TRY IT =
Produce an exact copy of all the data below, dropping every image.

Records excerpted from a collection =
*** Begin section ***

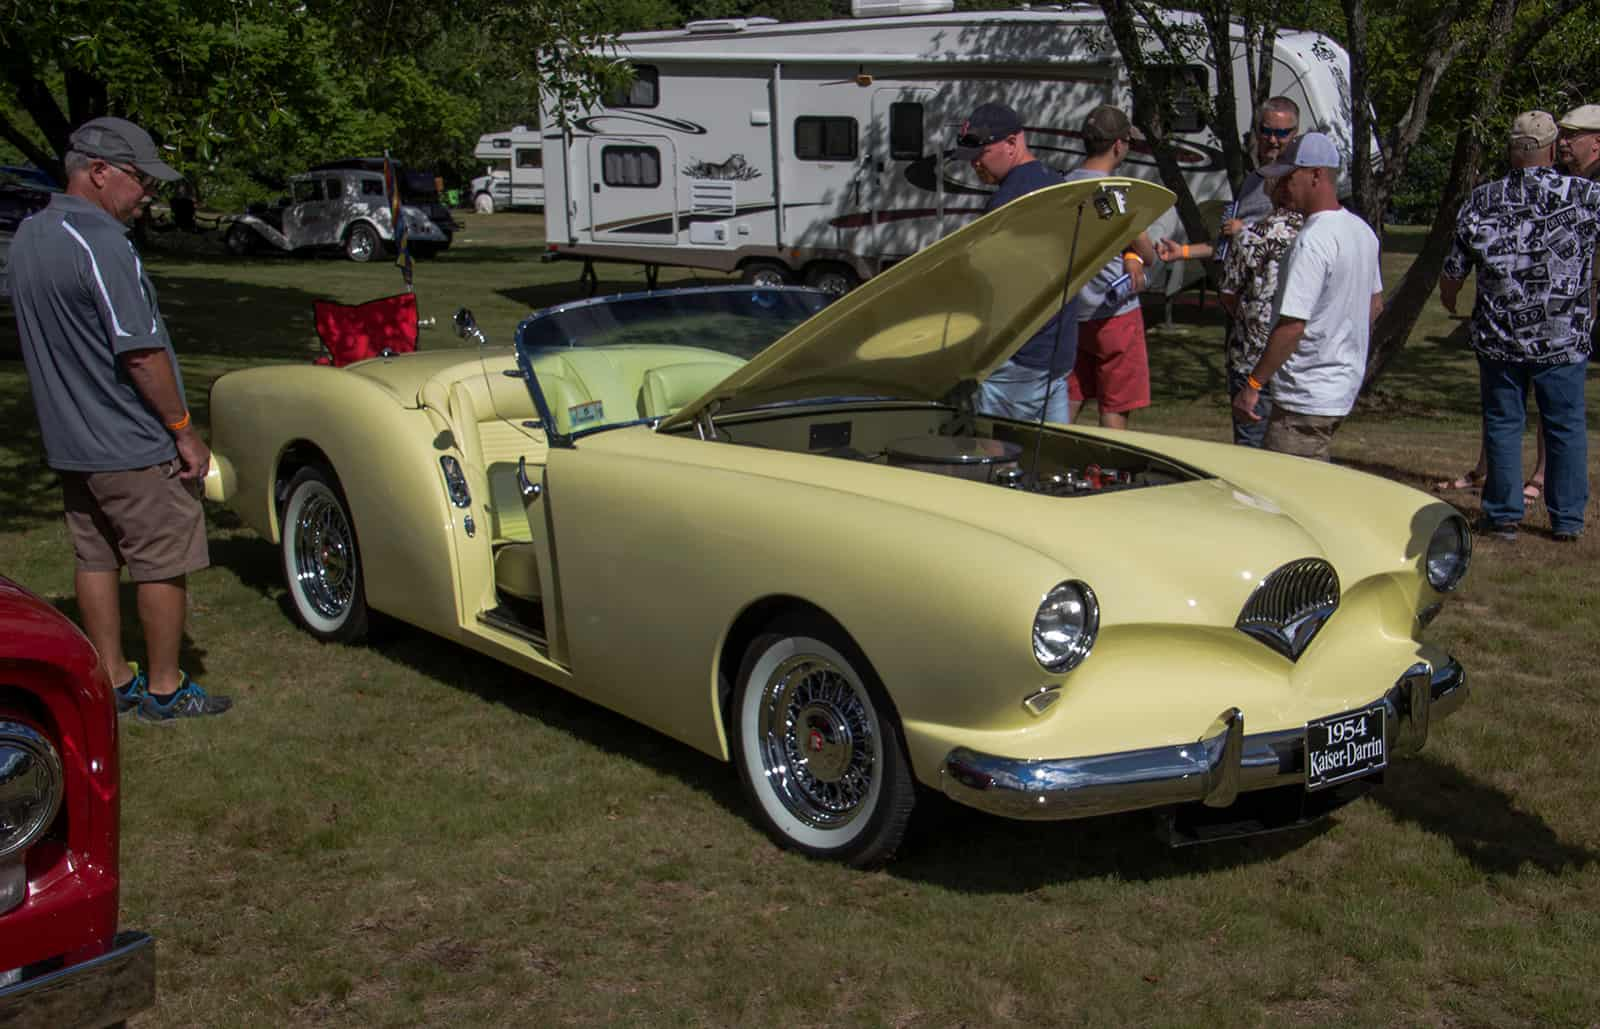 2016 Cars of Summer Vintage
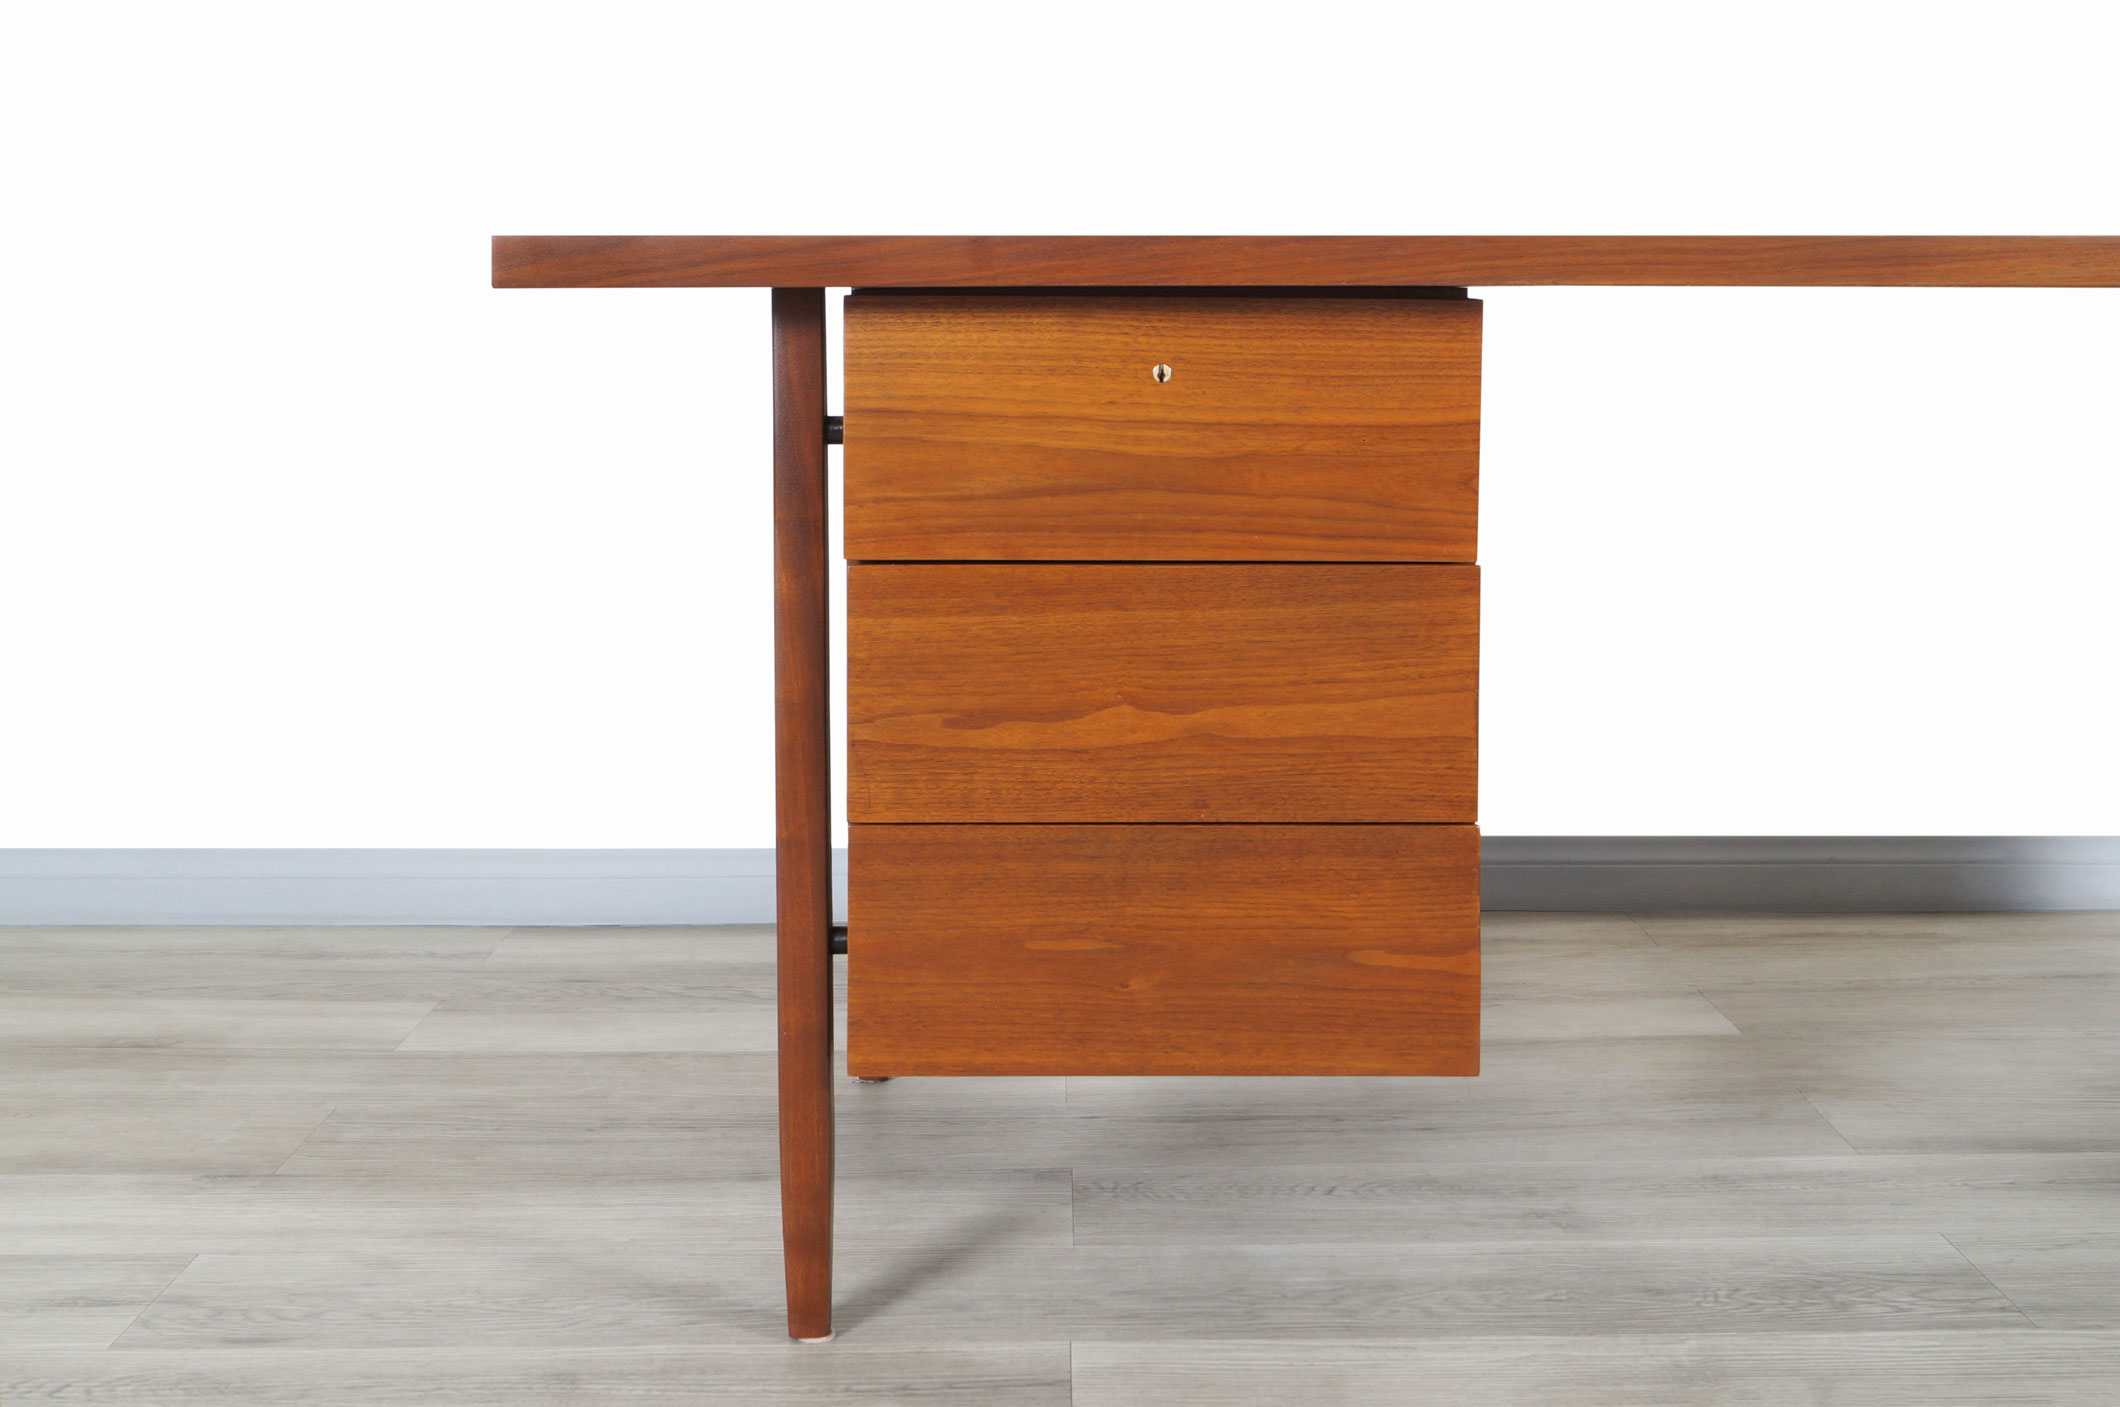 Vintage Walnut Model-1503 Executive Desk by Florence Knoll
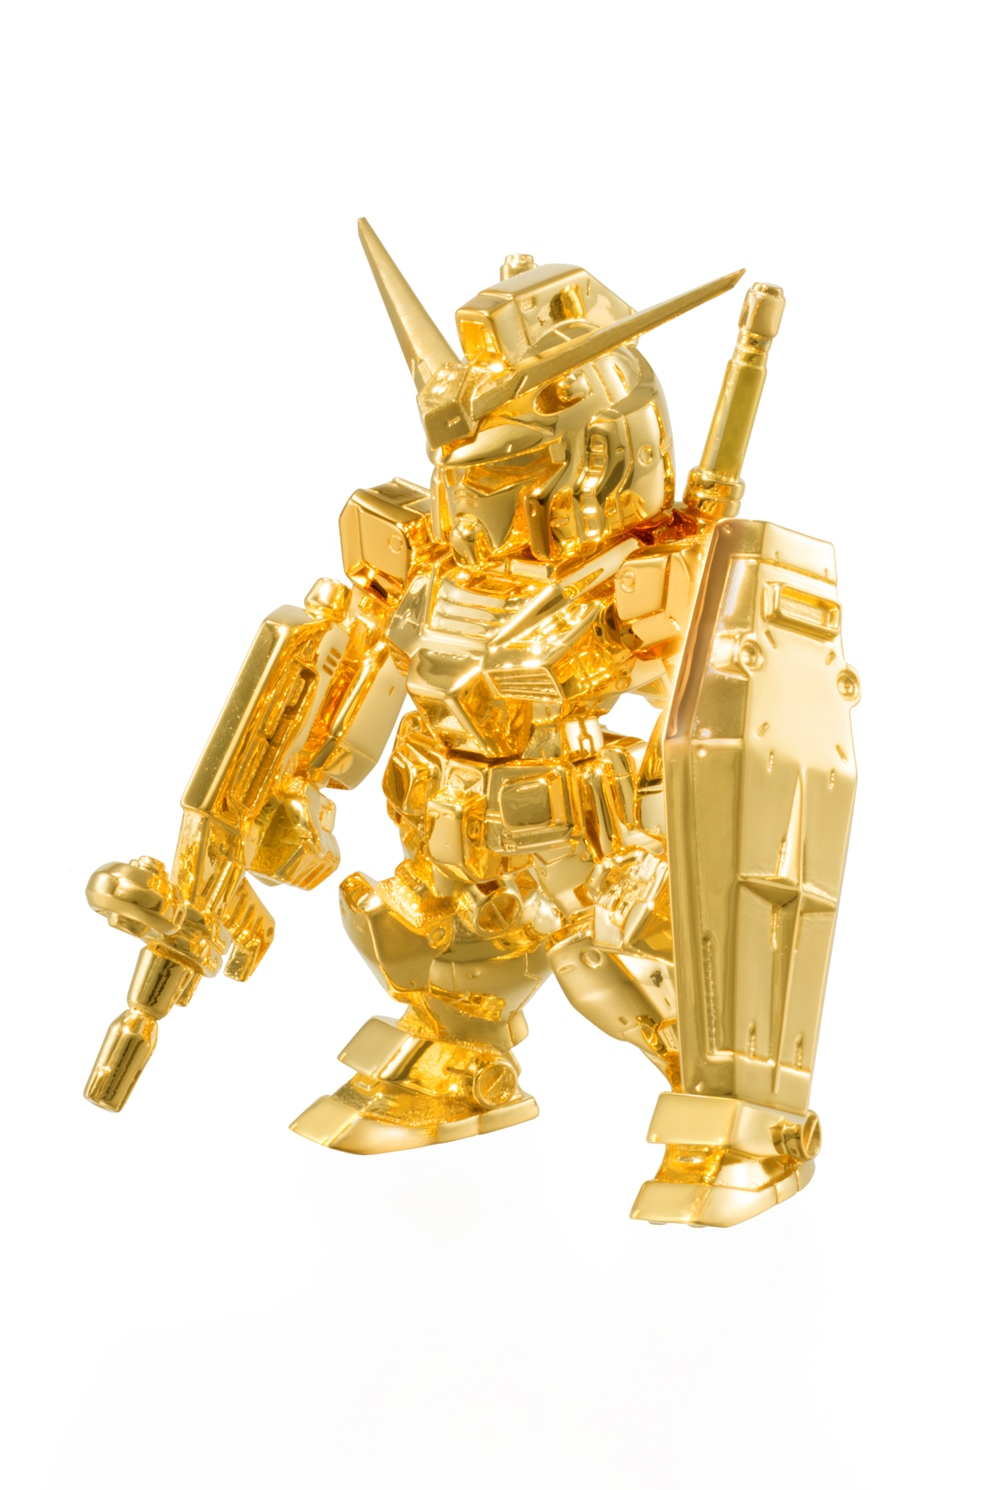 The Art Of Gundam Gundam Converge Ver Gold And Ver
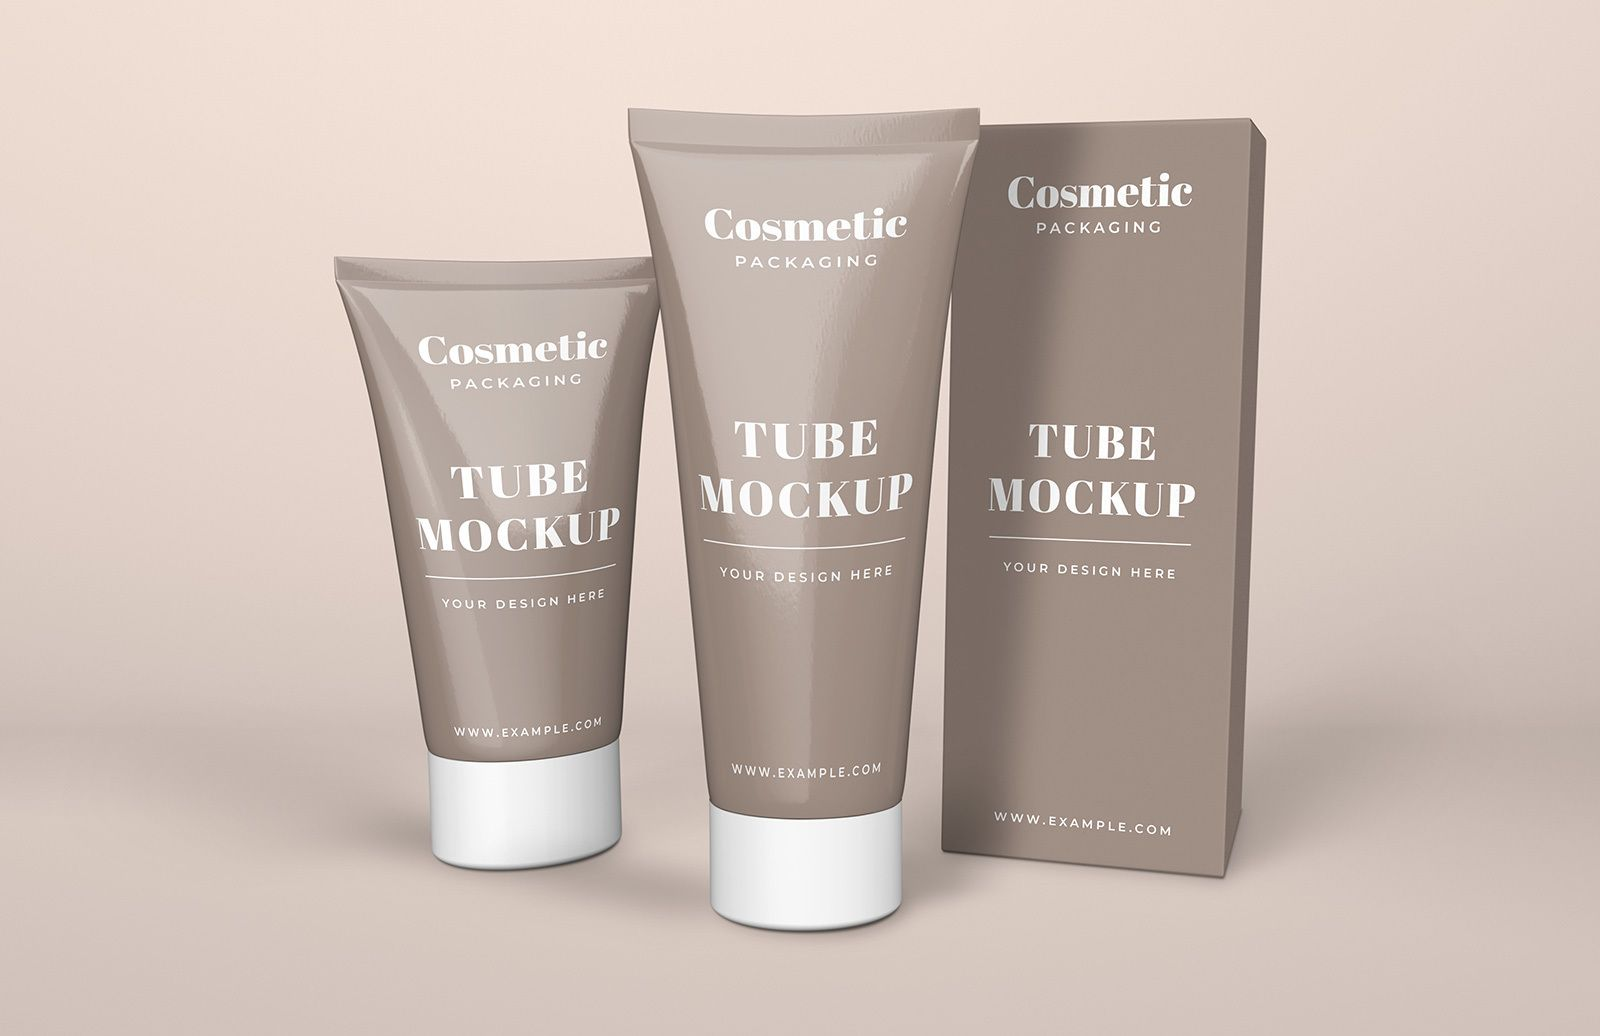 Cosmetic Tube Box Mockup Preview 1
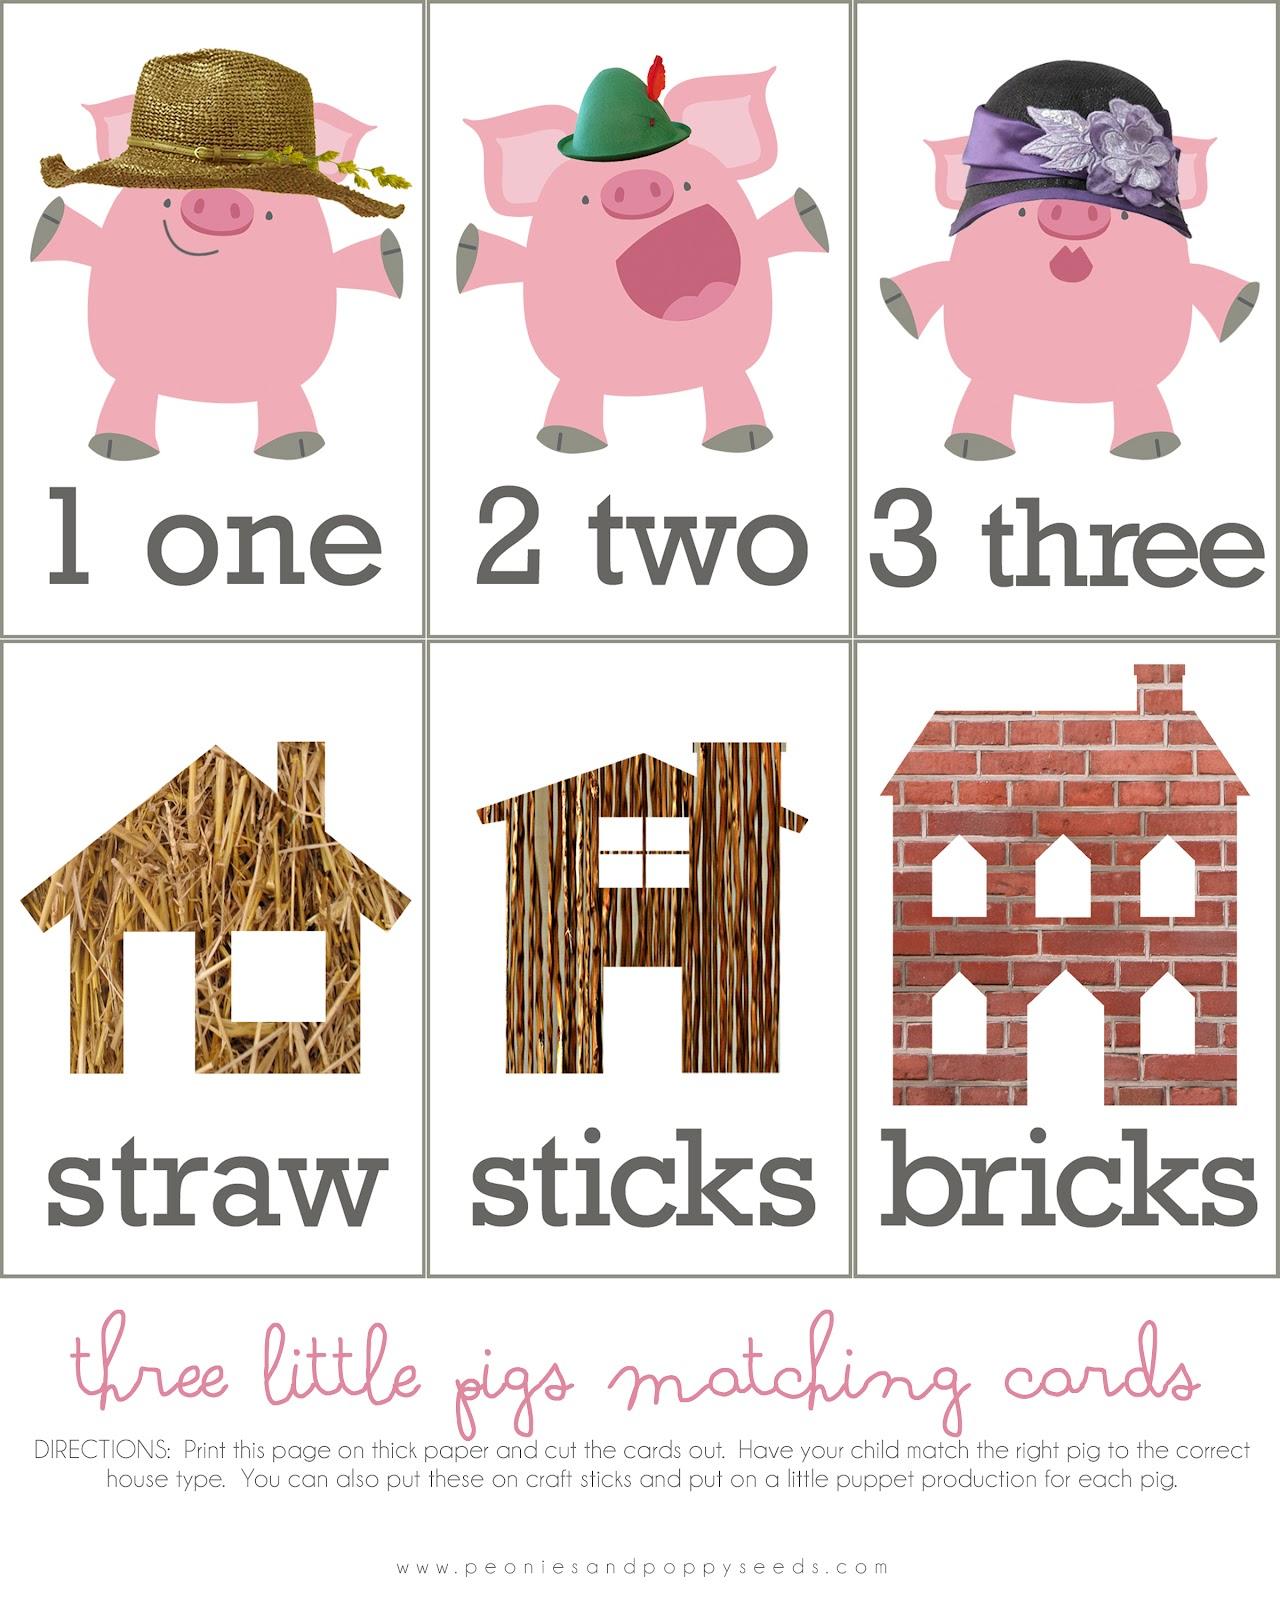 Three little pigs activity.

*** End section ***

ANSWER TO THIS EXERCISE =
 2016 Cars of Summer Vintage
 Vintage Walnut Model-1503 Executive Desk by Florence Knoll
 The Art Of Gundam Gundam Converge Ver Gold And Ver
 Cosmetic Tube Box Mockup Preview 1
 Three little pigs activity.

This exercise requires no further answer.